My position in this thread is that, in the very rare cases where it's an issue, it's up to the author, or--in the absence of direction--their heirs, to decide on the question posed by the title of this thread. Writing is a form of (intellectual) property, and the law seems pretty settled. Whether such publication is tasteful or appropriate is a more individual decision. Plenty of anecdotal evidence (I think) on both sides. Once can always chose not to partake, and personally, I like having that choice.

Your position (forgive me if I've misunderstood) appears to be a blanket "if it was unfinished/unsold/unpublished at time of death, then it's off limits." It's the black and white nature of your position that puzzles me, especially in the face of (a) existing law and (b) counter-examples where there would be little or no dispute that it was what the author wanted. I'm simply not seeing the logical/ethical framework that you're coming from.

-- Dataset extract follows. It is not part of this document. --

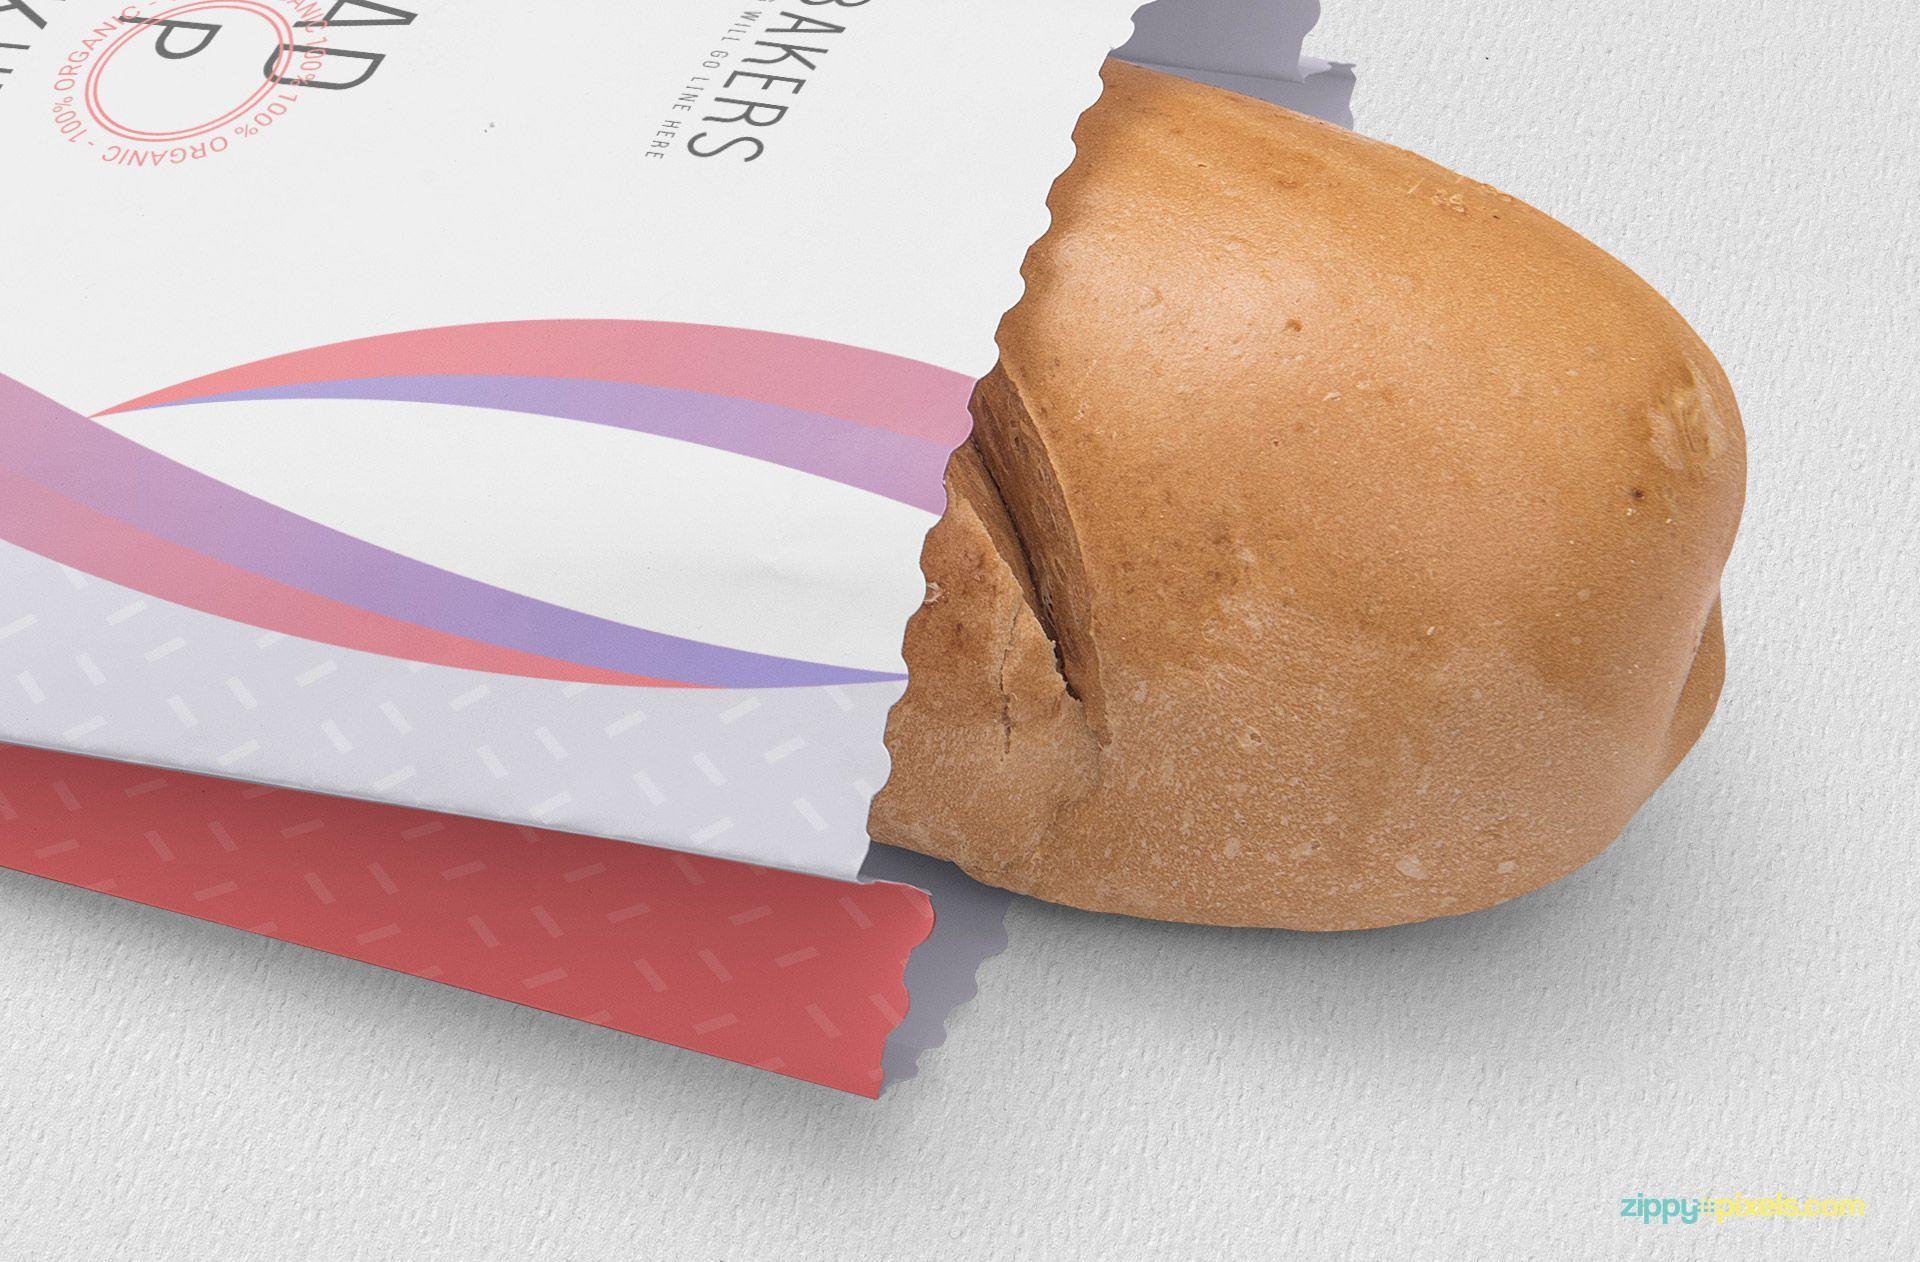 Download Free Bread Packaging Mockup Zippypixels Bread Packaging Packaging Mockup Mockup Psd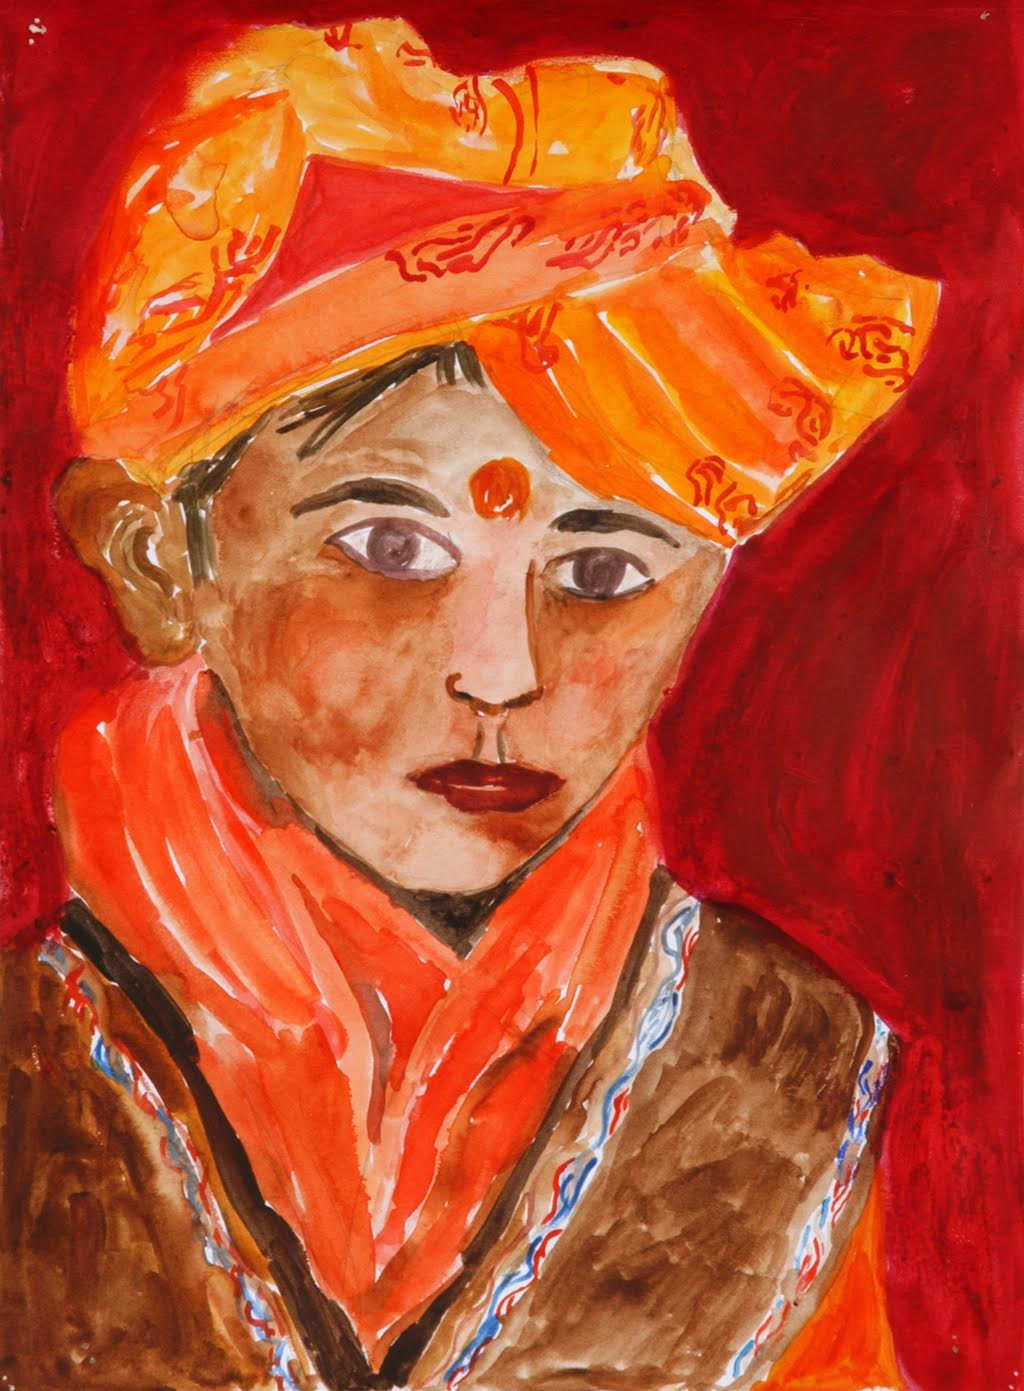 INTERVIEW: Sarah Hunter on Stories With Pallavi Jain

So yes, I was poking fun at your position that, somehow, we'd all be better off not having that last work from a beloved author.

If limited to the situation described by the Kafka example (writer says destroy, executor disregards), then OK, yours seems a perfectly legitimate point of view. But applied more broadly, it seems like tilting at a windmill: it boils down to you not liking what people legally do and trying to dress it up like it's the only reasonable and ethical position that respects the writer and artistic integrity.